Simplified Klinokinesis using Spiking Neural Networks for Resource-Constrained Navigation on the Neuromorphic Processor Loihi

C. elegans shows chemotaxis using klinokinesis where the worm senses the concentration based on a single concentration sensor to compute the concentration gradient to perform foraging through gradient ascent/descent towards the target concentration followed by contour tracking. The biomimetic implementation requires complex neurons with multiple ion channel dynamics as well as interneurons for control. While this is a key capability of autonomous robots, its implementation on energy-efficient neuromorphic hardware like Intel's Loihi requires adaptation of the network to hardware-specific constraints, which has not been achieved.
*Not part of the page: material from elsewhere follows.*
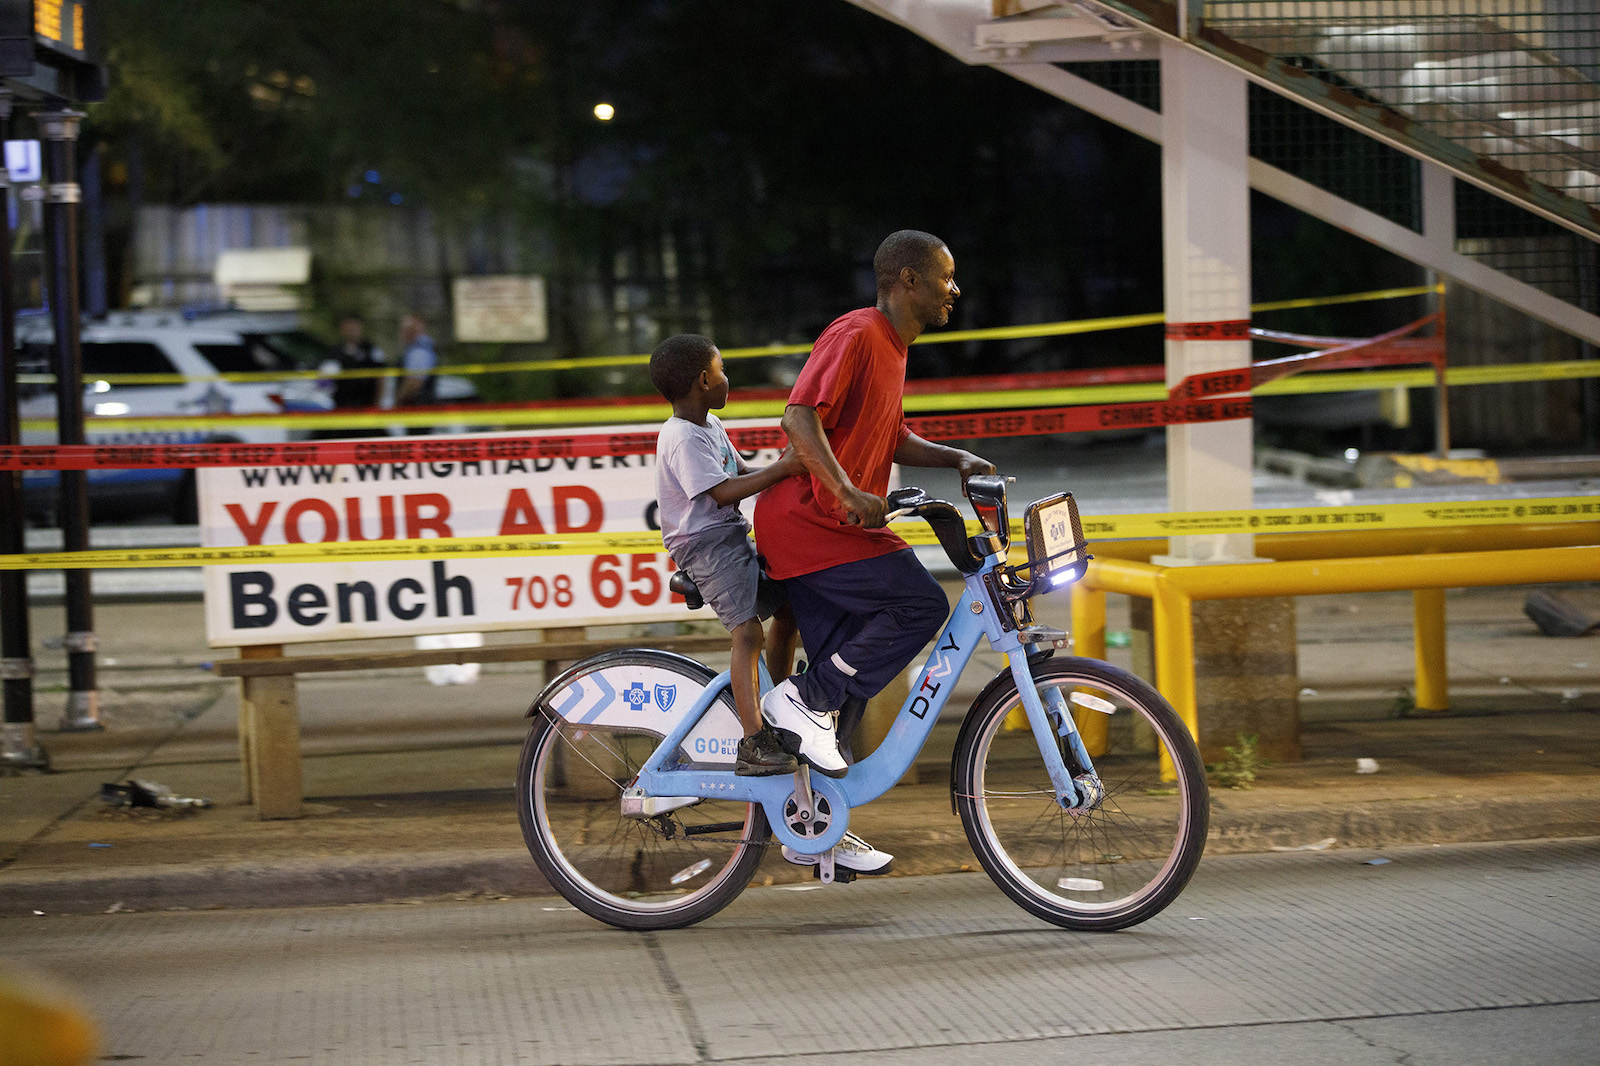 A man and child ride on a bike in Chicago.
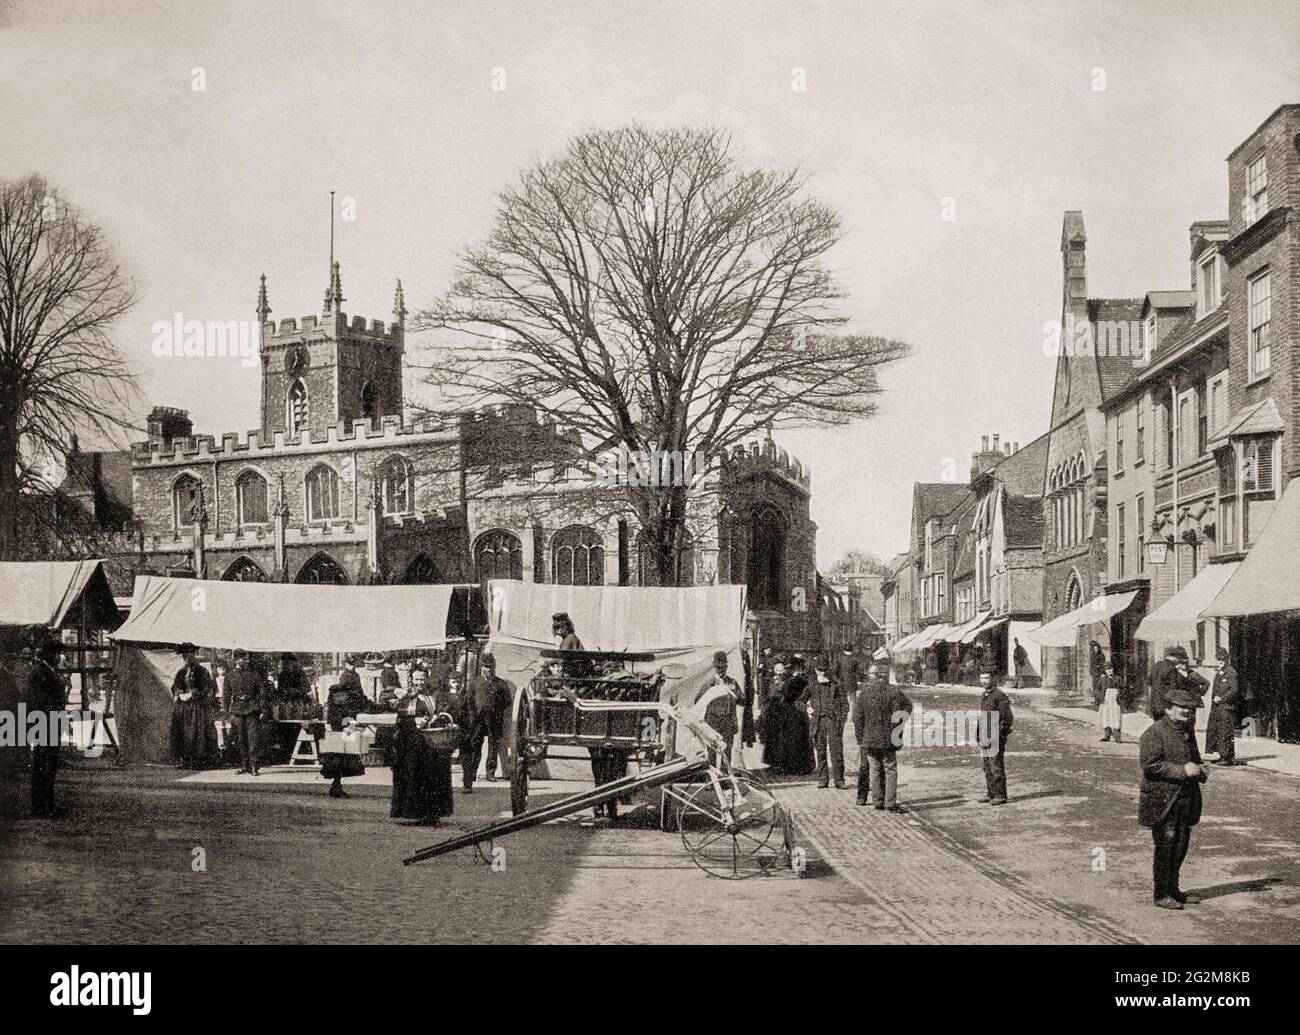 A late 19th century view of the market place in front of All Saints' Church in Huntingdon, a market town in Cambridgeshire, England, chartered by King John in 1205. It was the birthplace of Oliver Cromwell in 1599, who became its Member of Parliament (MP) in the 17th century. Stock Photo

In this paper, we demonstrate the adaptation of chemotaxis based on klinokinesis to Loihi by implementing necessary neuronal dynamics with only LIF neurons as well as a complete spike-based implementation of all functions e.g. Heaviside function and subtractions. Our results show that Loihi implementation is equivalent to the software counterpart on Python in terms of performance - both during foraging and contour tracking. The Loihi results are also resilient in noisy environments. Thus, we demonstrate a successful adaptation of chemotaxis on Loihi - which can now be combined with the rich array of SNN blocks for SNN based complex robotic control.